It seems that much of my work these days is concerned with bringing AI to the embedded-systems domain, understanding what the implications are and how companies should deal with it. In the discussions with technical experts and business leaders, however, I constantly run into several misconceptions.
First, there are still several people out there who think about ML/DL models as single-point solutions for a specific problem where we can build the model, integrate it, deploy the resulting software and be done. Although one could operate in this way, it’s basically ignoring the vast majority of benefits that you could deliver. Instead, it’s about continuous everything. It’s about a constant flow of software updates to the field, a constant flow of data coming back from your systems, constant retraining and updating of models. We all read about DevOps, DataOps and AIOps, but that really is what it’s all about. The shorter you can make the cycles, the more value you can deliver.
Second, many view AI as a technical challenge to be solved by R&D but unrelated to the rest of the company. The fact is that it will change your business model. If you’re currently using a transactional business model where you get a one-time payment when you sell the product but need to provide software updates throughout the economic life of the product, you’re in trouble as your cost is continuous while your revenue is not. The only way to get around this is to align your revenue model with your cost model. For most companies that I work with, it means combining the upfront product sales with a continuous service revenue model. This is actually a great way to generate more revenue from your customers.
Third, especially in companies that build large, complex and expensive systems, such as in automotive, telecommunications or automation, there’s no clear definition or understanding of the actual value provided to customers. The whole package sells and consequently, the whole package is valuable. When moving towards continuous improvement of systems, you need to choose where to focus your energy and time. And this requires you to understand what’s actually valuable in your offering as improving commodity functionality using ML/DL models or otherwise doesn’t help your customer. We’ve worked quite a bit with companies on modeling the value of their solutions or products to customers and it’s surprisingly hard to be precise and concrete.
Fourth, you can’t use AI in isolation. Machine and deep-learning solutions require data for training and operations. The data is generated by software that instruments the system. And of course, ML/DL models are themselves software. The only difference is that AI software is programmed by data and pattern recognition, rather than by humans in an algorithmic fashion. This means that you need to be good at all digital technologies.
The final misconception is that many believe that once they have trained an ML/DL model and it performs well in prototyping, the hard part is done. This couldn’t be further from the truth. The easiest part is actually creating a model and the hard part is industrializing it. Industrializing means setting up the data pipelines, putting monitoring and logging in place, ensuring correct (or at least acceptable) behavior in all cases, developing solutions for DevOps, DataOps and AIOps, and so on. In an earlier post, I wrote about our AI engineering research agenda where we capture the major challenges to be addressed.

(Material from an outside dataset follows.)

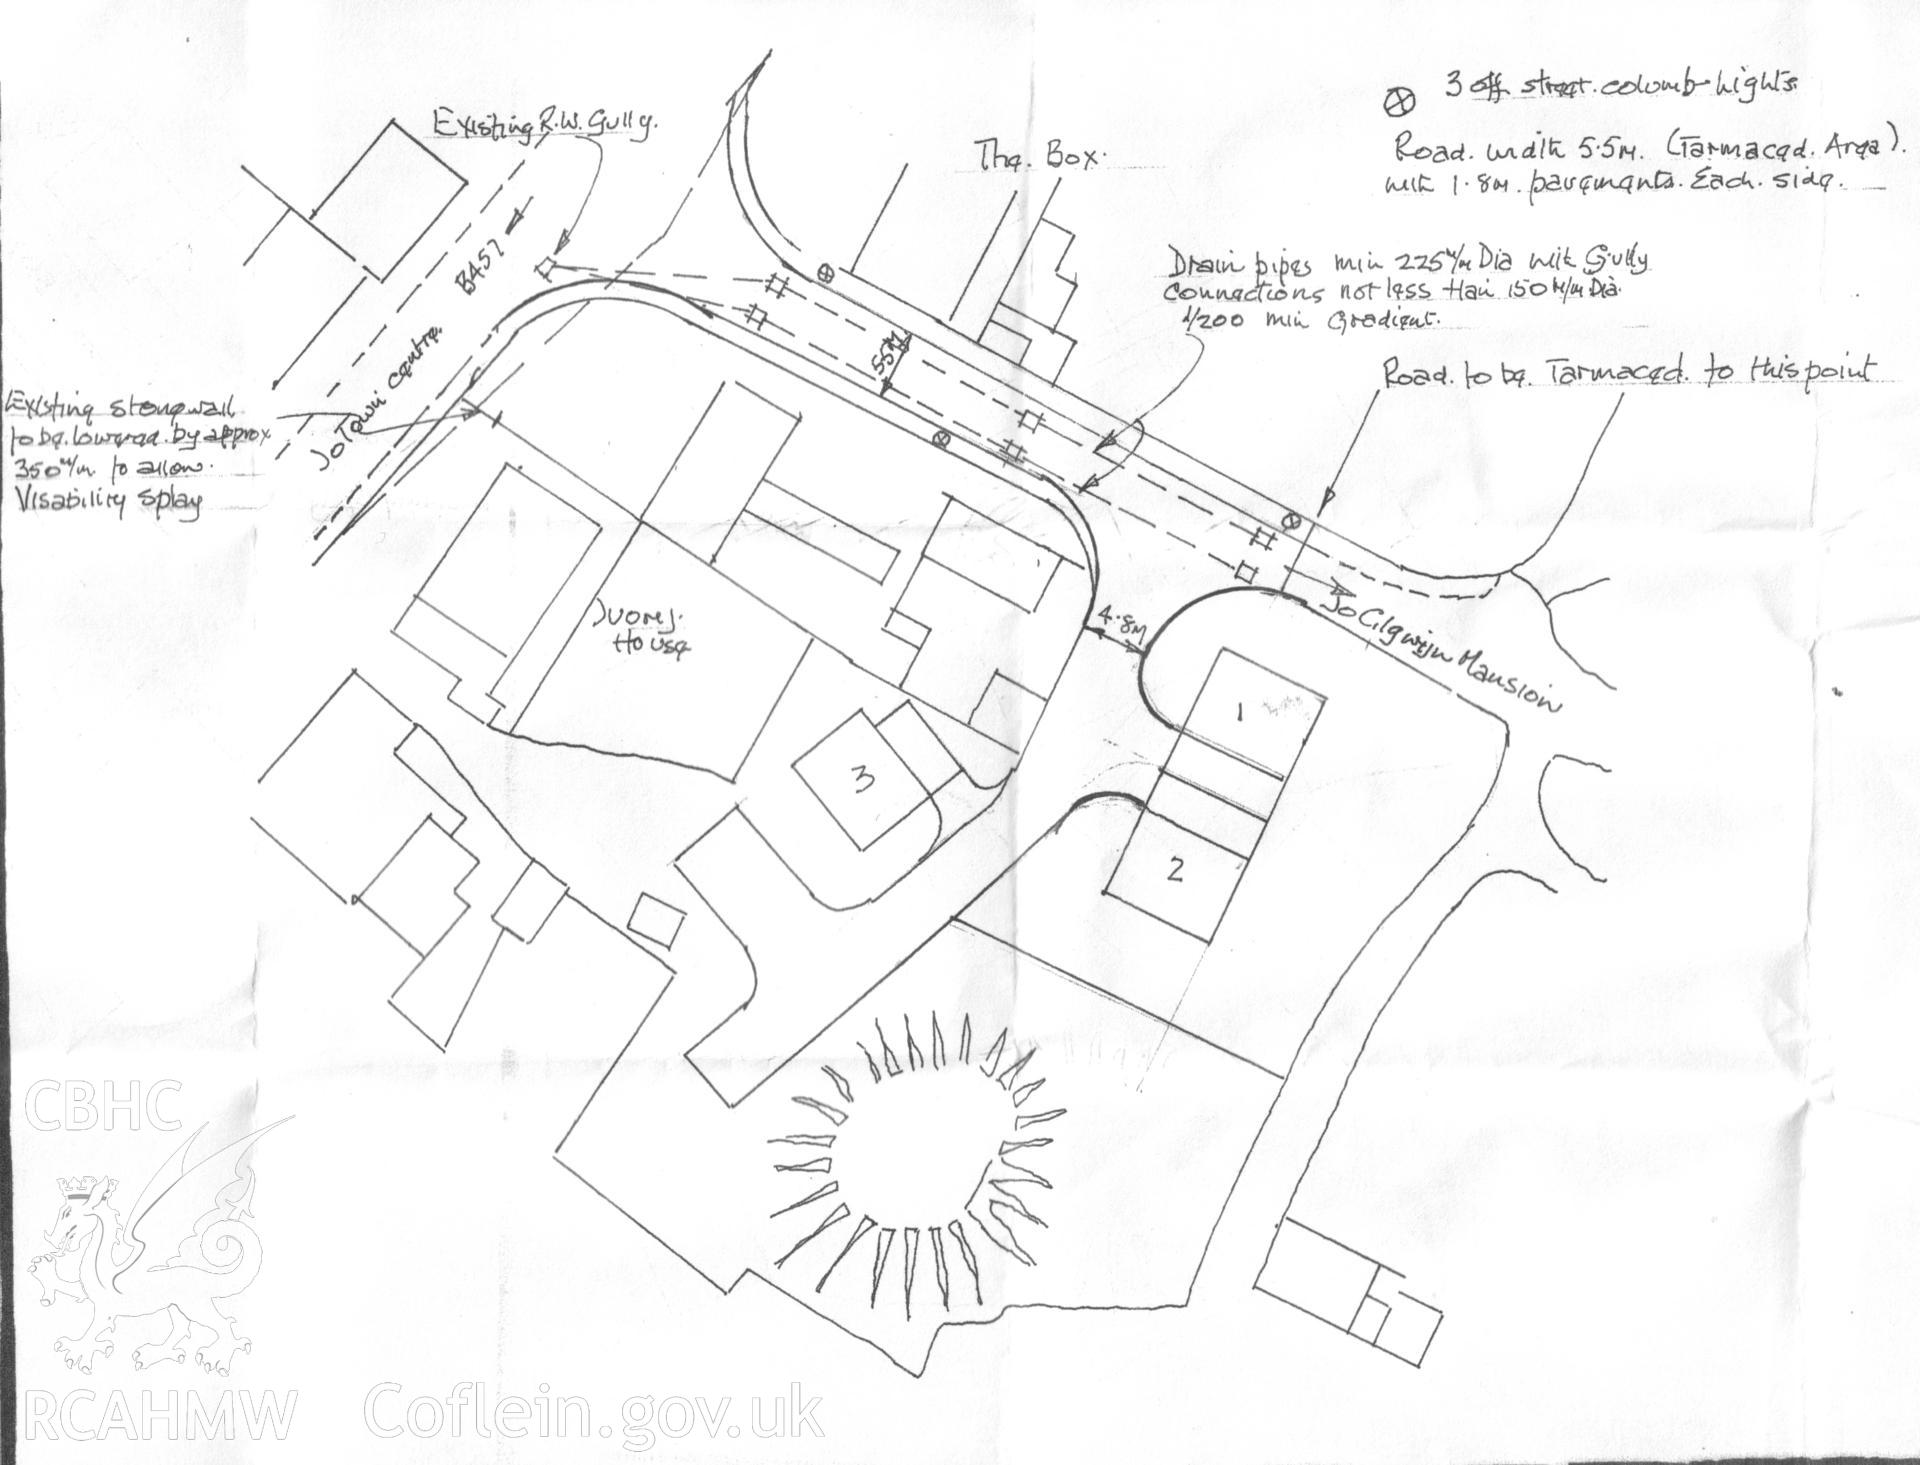 Development plan from archaeological work at the rear of Ivory House, Adpar, Newcastle Emlyn carried out by Cambrian Archaeological Projects, 2009.
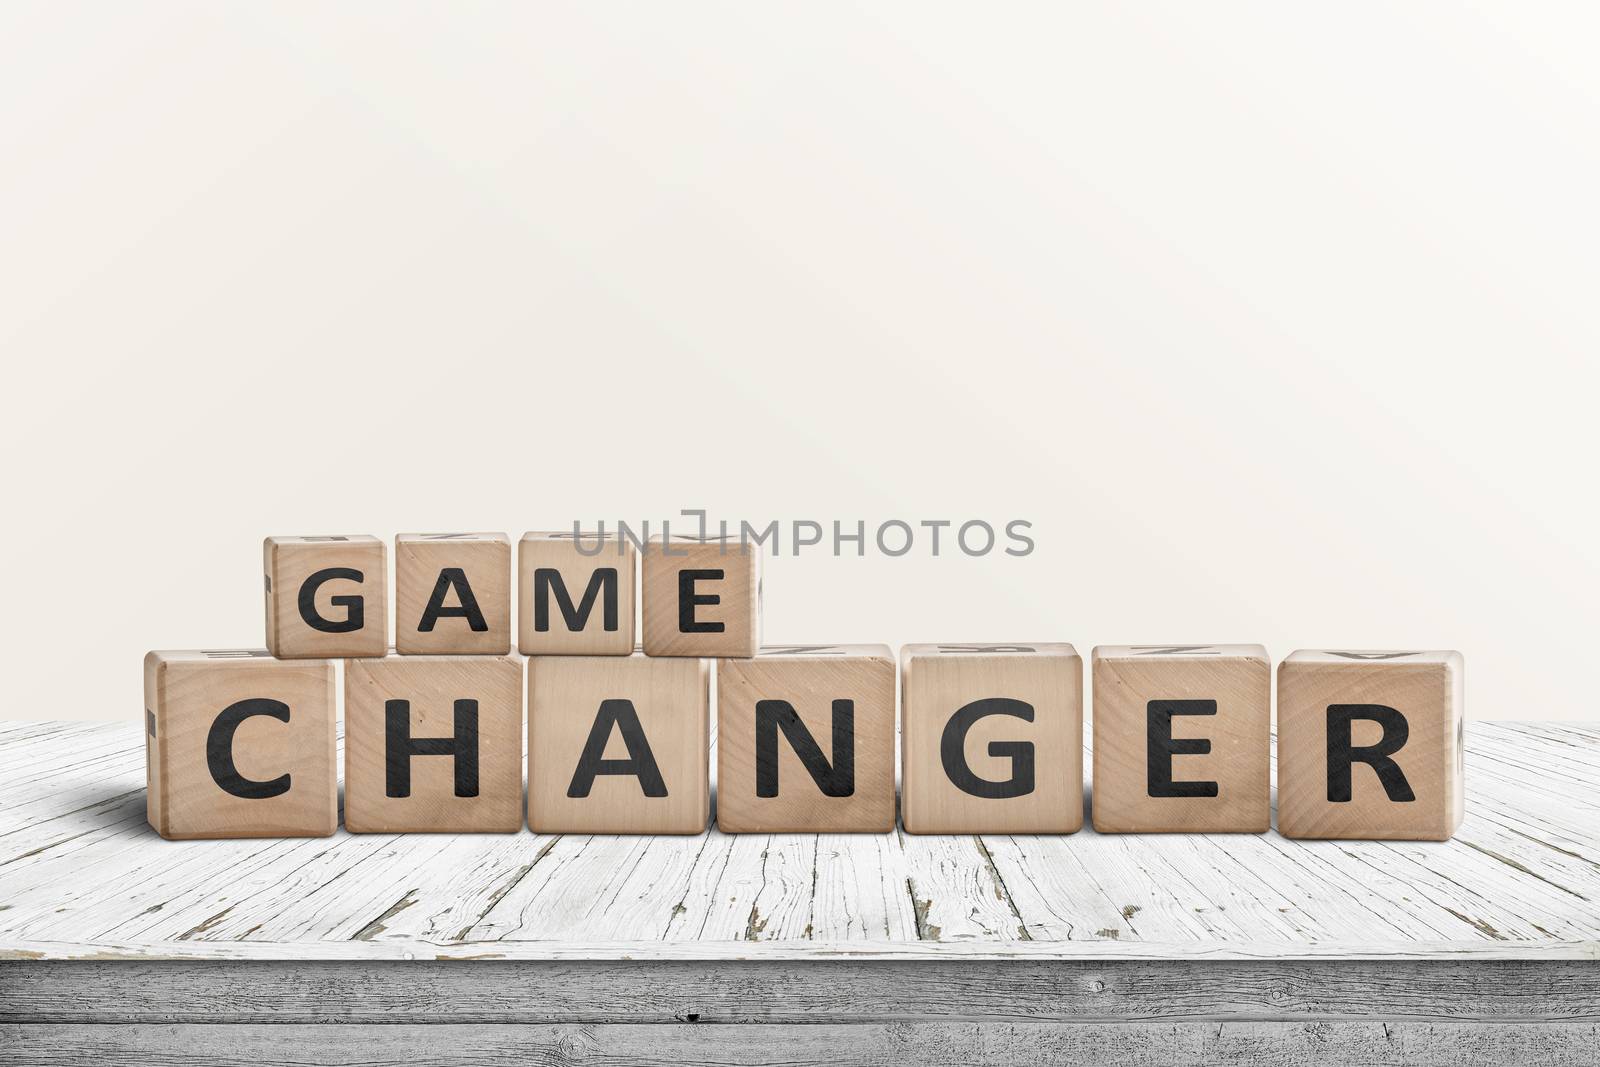 Game changer sign made of wooden blocks by Sportactive

AI is moving to the edge – and it should because it has the potential of delivering enormous value. The challenge is that there still are quite a few misconceptions out there about what this actually means in practice. I’ve discussed five of these and provided my viewpoint. AI belongs on the edge, but there’s a lot of work around it that needs to be put in place at the same time. And as it won’t happen by itself, it’s critical that we get going on this yesterday.